The enemy of truth is not falsehood, not error or mistake, but fantasy. Most of us live in a world that is at least a little fantastic. We think more of ourselves than we ought to—or we think less that we deserve. We imagine motives in others than do not exist. We have groundless fears and unhelpful hopes. We deny our own habits and obsessions, and we deny our own sorrow. If truth is a smooth path, fantasy is a rocky one. Acts that spring from fantasy destroy us and our world. It is too tiring and in the end too discouraging to have fantasy occupy us. You will be freed, as Jesus testifies earlier in John, if you know the truth.

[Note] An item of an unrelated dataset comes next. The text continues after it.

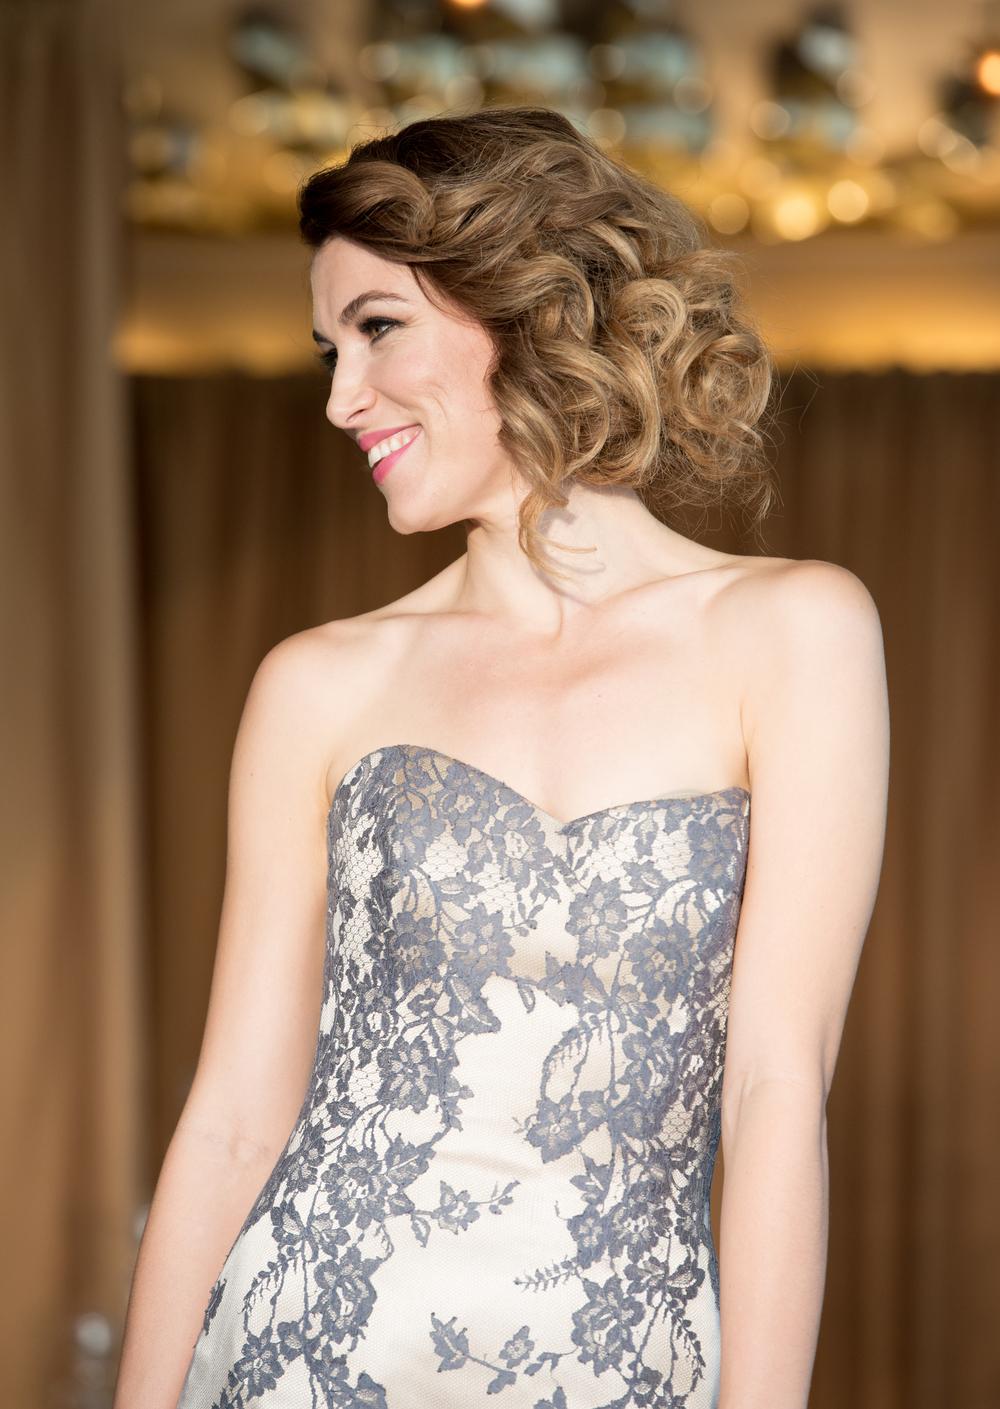 Model: Athena Bergen //  Hair: Samantha Clark | Umbrella Salon //  Make-Up: Jennifer Imbat //   Photography:  Khiem Hoang

For Christians, the truth has something to do with Jesus. Not about Jesus so much as through Jesus or from Jesus. To see the truth is to see as Jesus sees. To see through the lens of Jesus. Or to put it in a different way, to interpret the world as Jesus interprets it for us. We agree when we follow Jesus to let him explain things to us and to believe him when he does. When he talks about ethics or prayer or money or hypocrisy or corruption or compassion, we believe him. We say that Jesus sees the truth, or see things truly, or describes the world truthfully. We give Jesus the authority to tell us what to do because Jesus is the truth, in the way I’m talking about.
I’m convinced that of all the gifts Jesus had, it his ability to see and tell the truth that drew the band of disciples and the crowds of people to him. They could tell. People who convert to Christianity in an instant see the truth of Jesus immediately. Other people come to think so over time, through reading, conversation, prayer, and through confirming experience. We give Jesus sovereignty over us and are obedient to him, which is one way in which he is king. Follow me, he says. The kingdom of God is better called the reign of truth.

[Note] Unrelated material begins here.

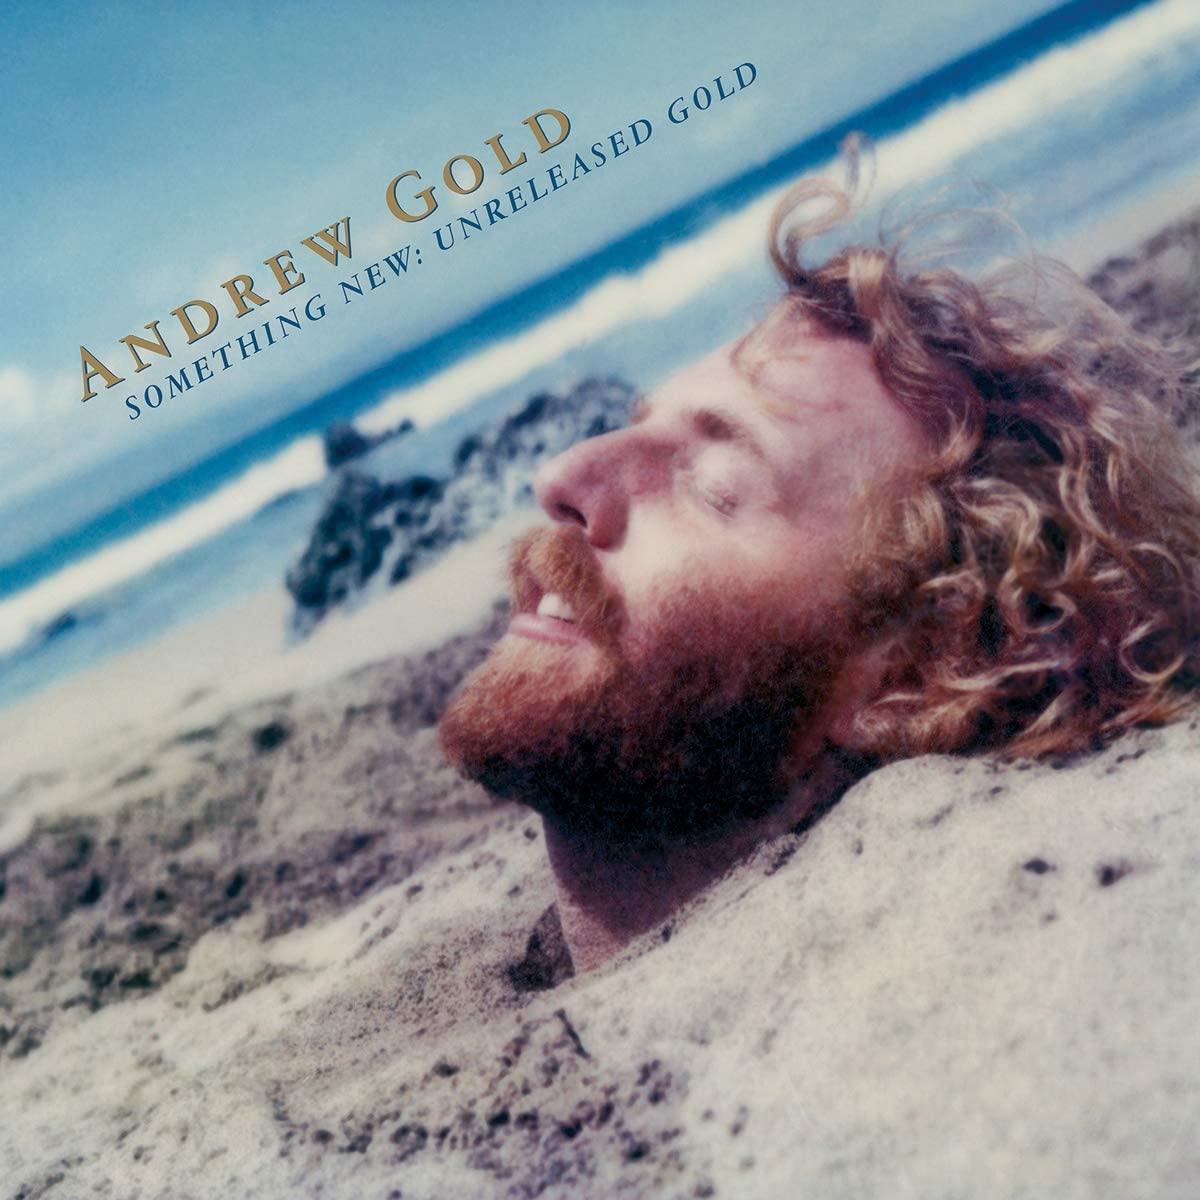 andrew gold_020

But we are obedient not because he is a tyrant, or because he is a better manager, or because he hangs around with people in high places, or because he is a great general for whom we would fight. All the kingly things. We do not give Jesus the kind of obedience we would give a boss (or king), but the kind of obedience that we would give a guide or mentor. Jesus has our focus. What does Jesus say? What does Jesus see? To where does Jesus lead us?

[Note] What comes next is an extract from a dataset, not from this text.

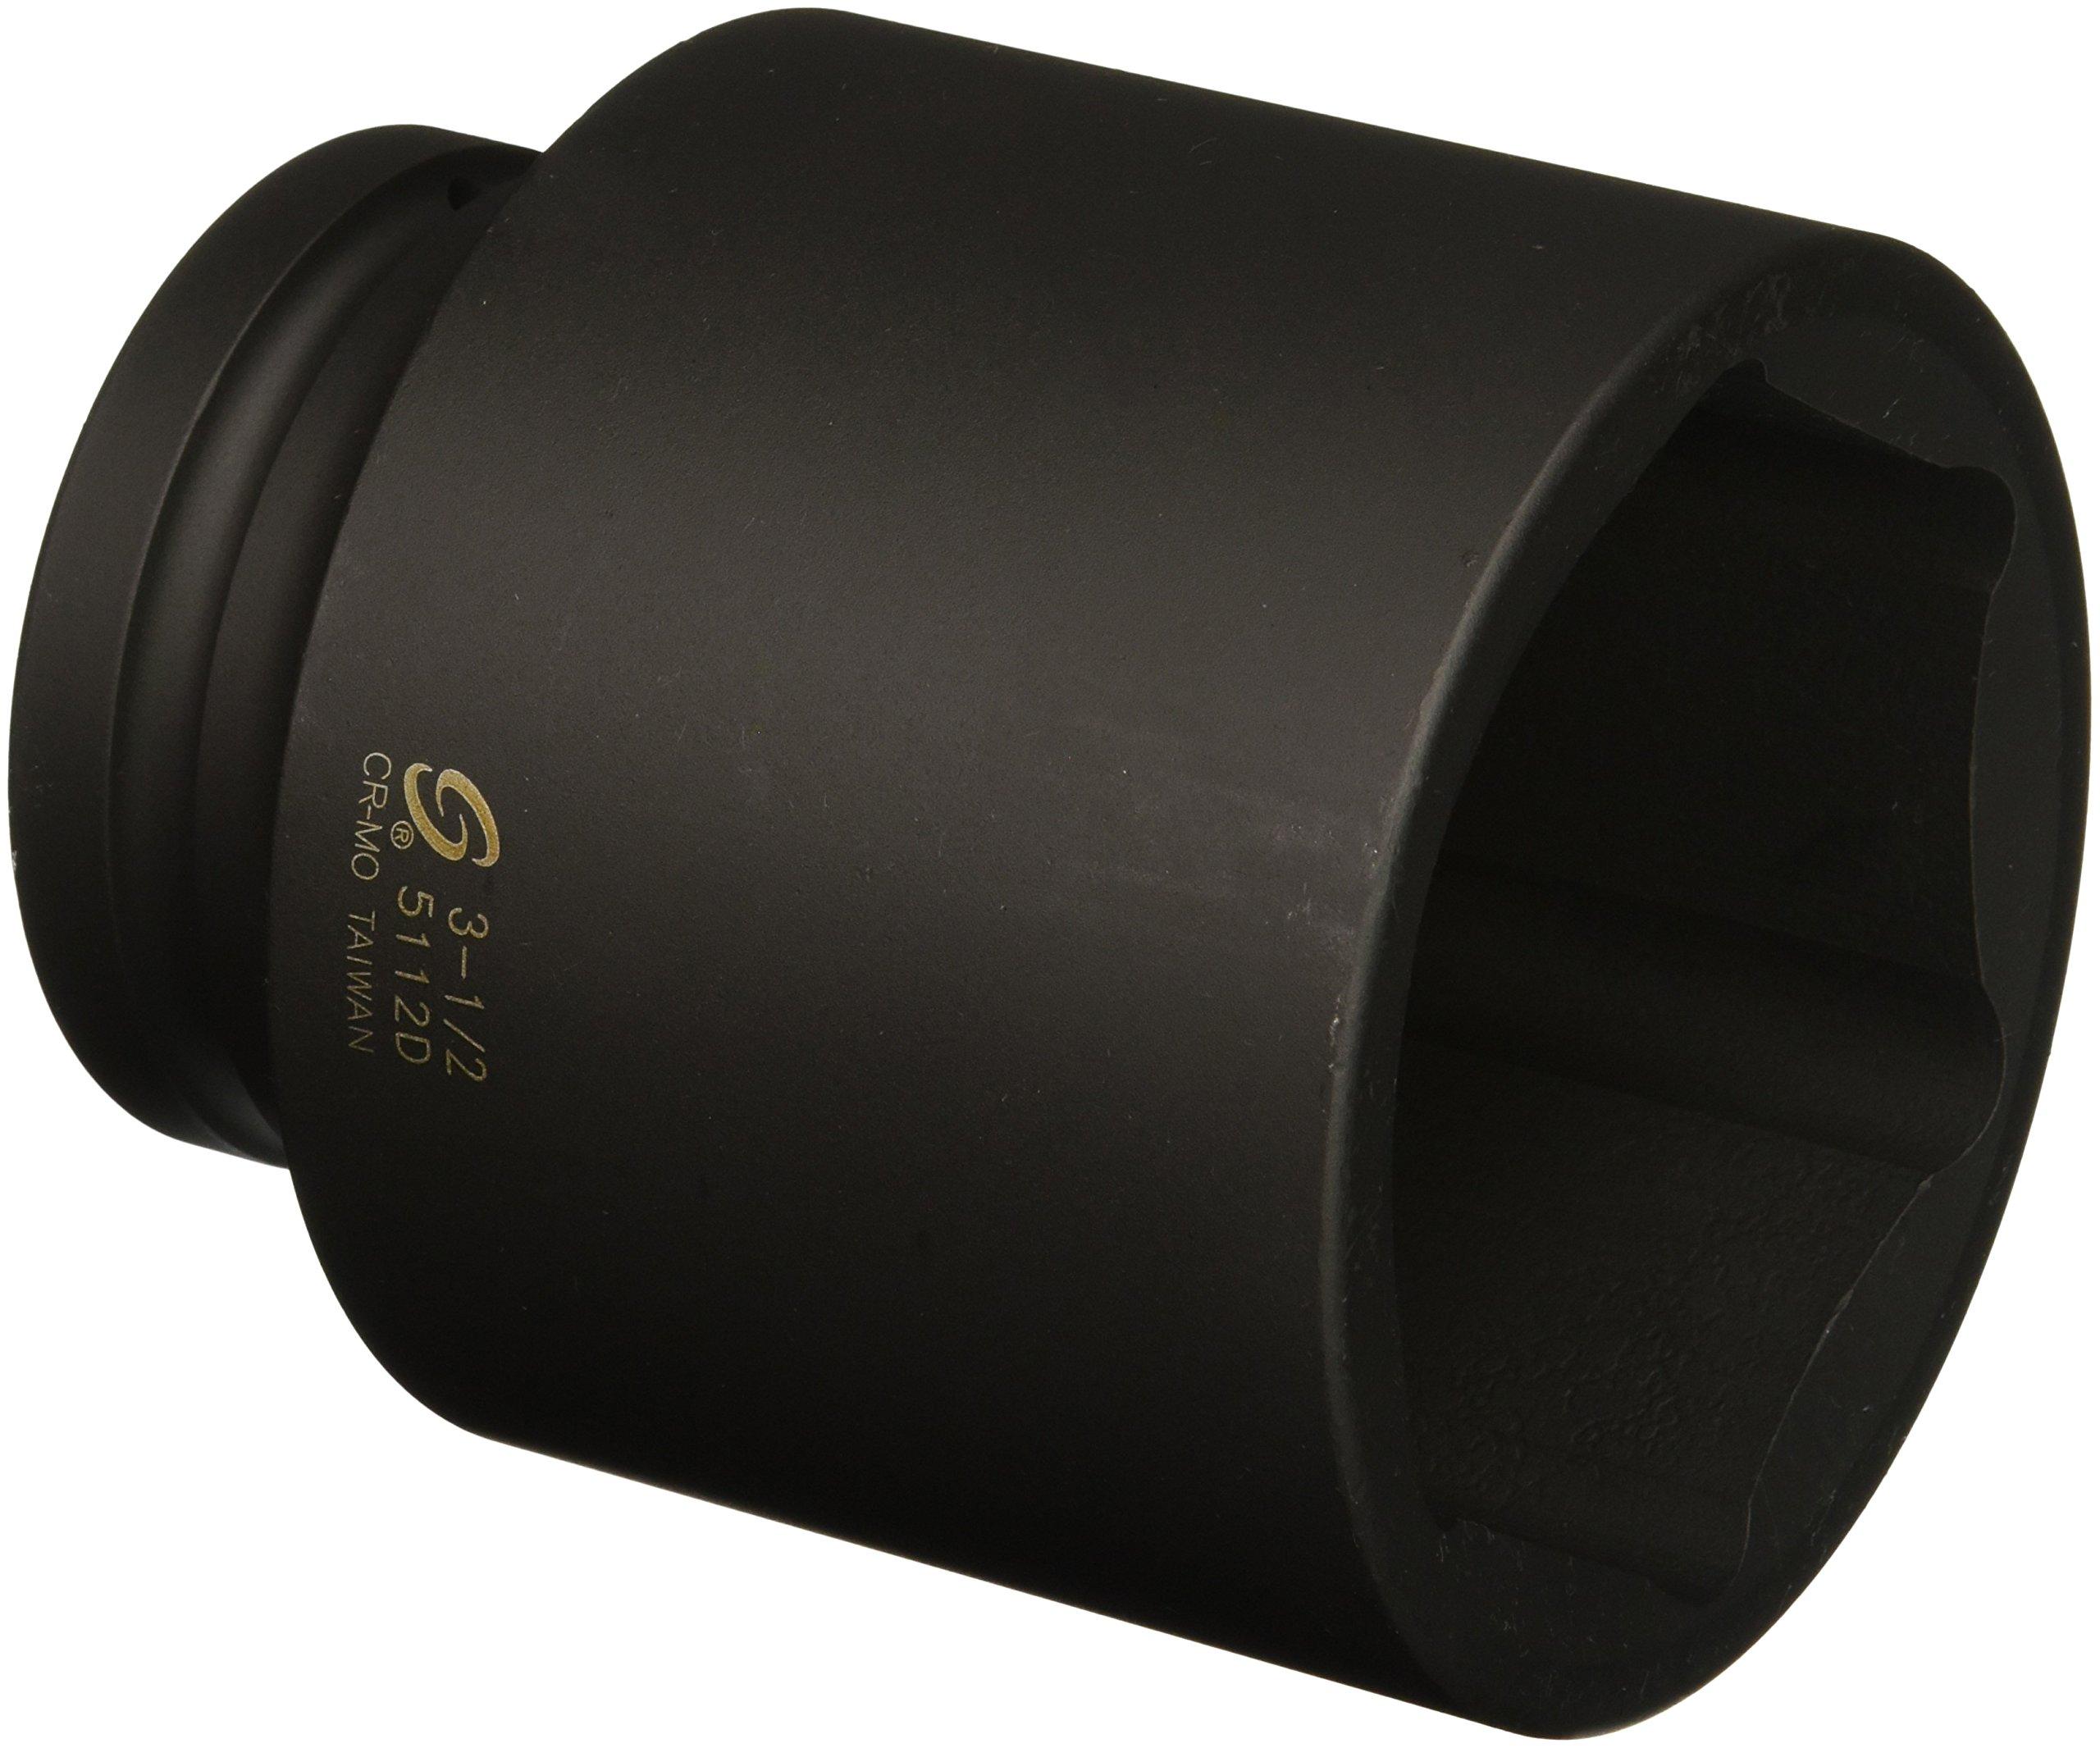 Sunex 5112D 1'' Drive Deep Impact Socket 3-1/2''

Everybody, from Pilate to Pius, wants Jesus to be king. Everybody but Jesus. People make out Jesus to be what they want him to be.
But Jesus does not command our attention like a king. He draws our attention like a lover. Present in our minds, as we walk, or shop, or eat, or work, or take a break. The one for whom we change our plans. The recipient of our vows. The one of whom we are mindful.
Jesus retells God’s lesson in Samuel as he talks to Pilate. Kings have armies and fight holy wars. If you want that, he says, if you want a king like everybody else, go find a king. But if you want to live a true life, follow me.